Lévine, que poursuivait depuis longtemps le désir de réconcilier ses frères, au moins avant la mort, avait écrit à Serge Ivanovitch. Il en reçut une réponse qu’il lut au malade.

Serge Ivanovitch écrivait qu’il ne pouvait venir, mais il demandait pardon à son frère en termes touchants.

Le malade ne dit rien.

— Que dois-je lui écrire ? demanda Lévine. J’espère que tu ne lui en veux pas ?

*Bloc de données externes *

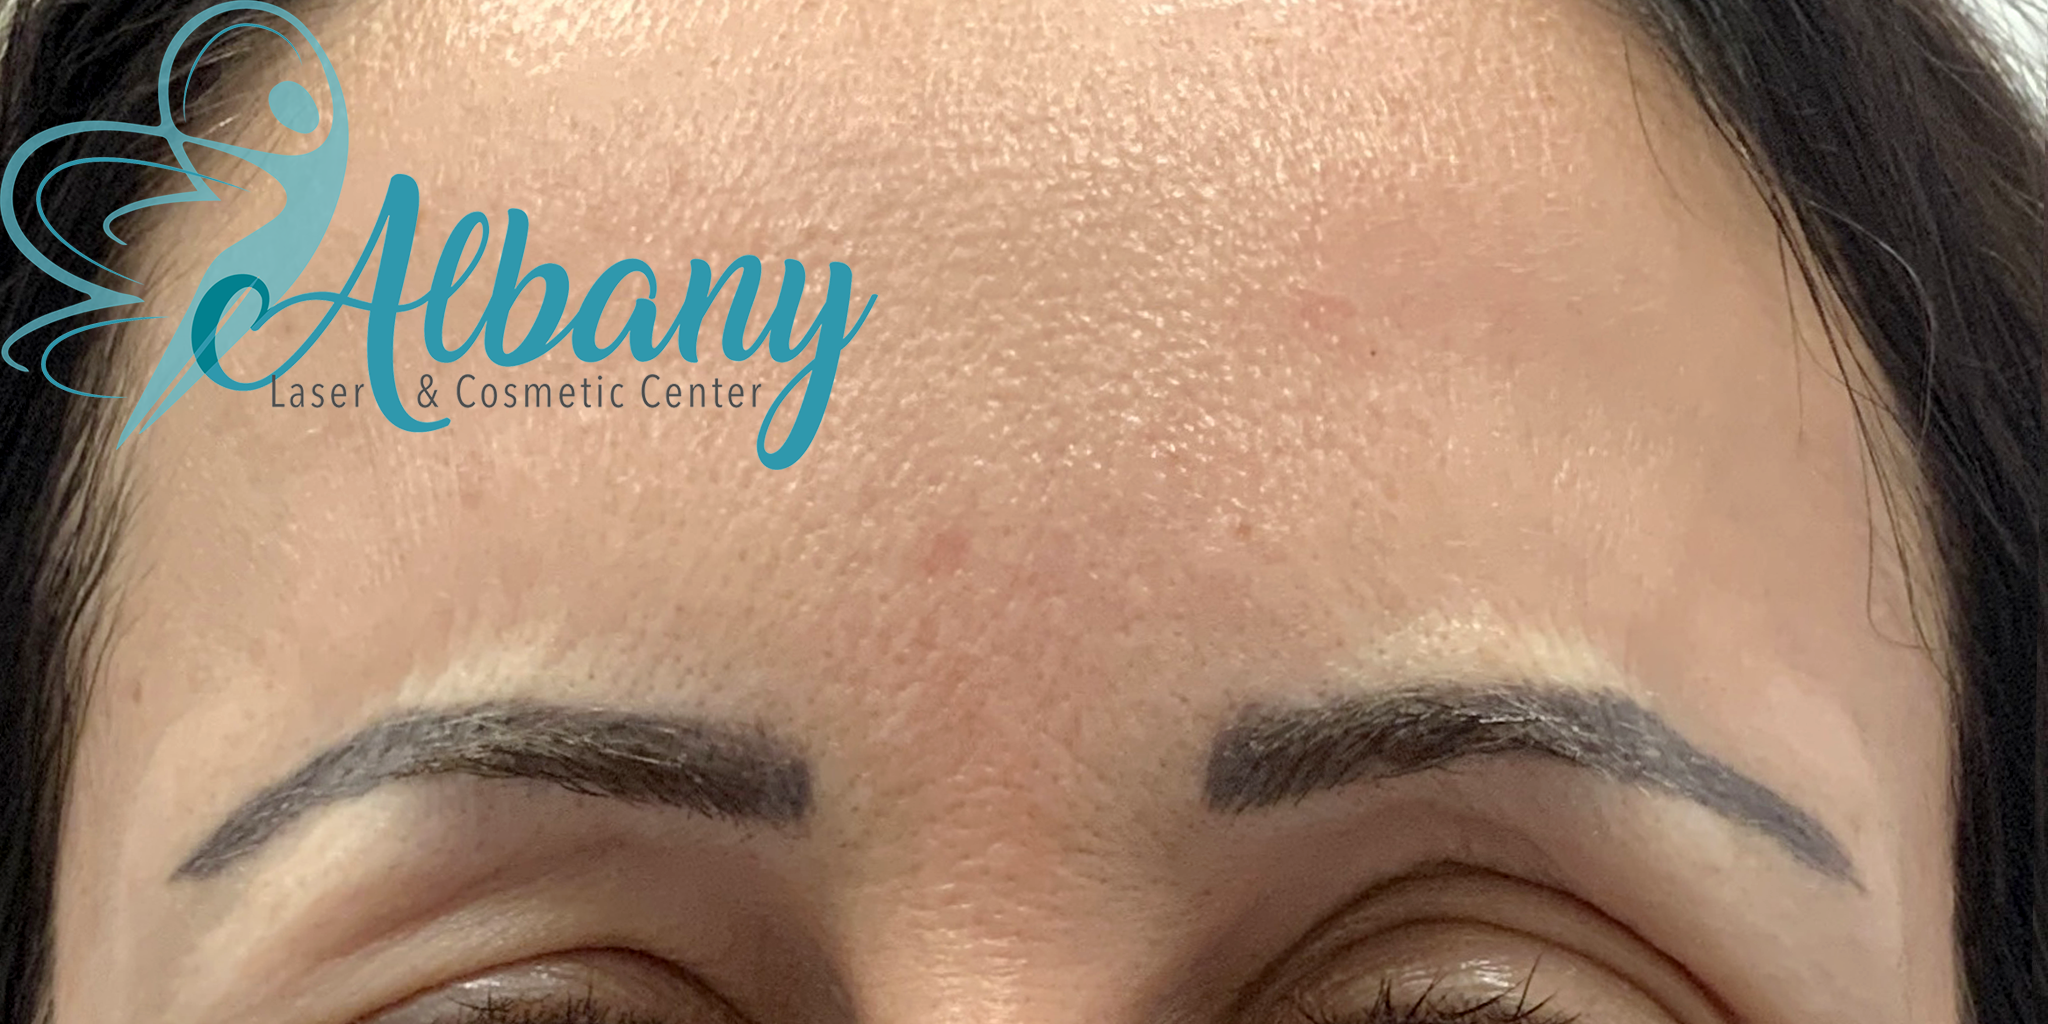 After picture of a patient's forehead demonstrating a significant reduction in frown lines and wrinkles following treatment at Albany Cosmetic and Laser Centre in Edmonton
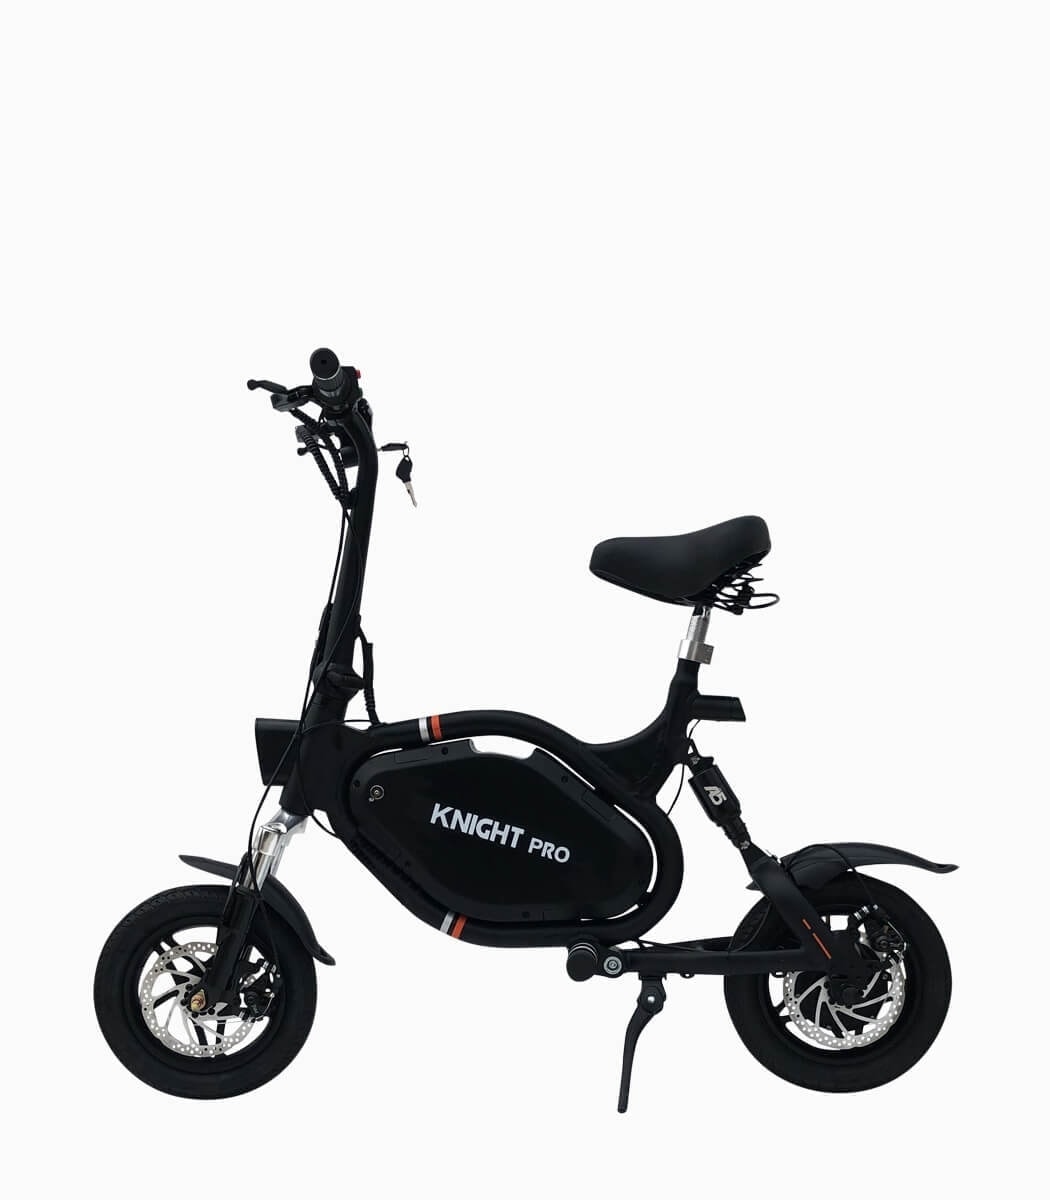 KNIGHT PRO (BLACK17.5AH) UL2272 certified electric scooter left V1

— Non, aucunement ! répondit Nicolas d’un ton contrarié. Écris-lui qu’il m’envoie le docteur.

Trois jours pénibles passèrent ainsi ; le malade restait dans le même état… Tous ceux qui l’approchaient : le domestique de l’hôtel, le patron, tous les locataires, le docteur, Marie Nikolaïevna, Lévine et Kitty n’avaient plus qu’un désir, sa fin. Seul le malade ne l’exprimait pas et continuait à se fâcher parce qu’on ne lui amenait pas le médecin, à prendre des remèdes et à parler de rétablissement. Dans les rares moments où, à force d’opium, il s’oubliait un instant, il confessait dans un demi-sommeil ce qui pesait à son âme plus encore qu’à celle des autres : « Ah ! si cela pouvait finir ! » ou « Quand donc cela finira-t-il ? »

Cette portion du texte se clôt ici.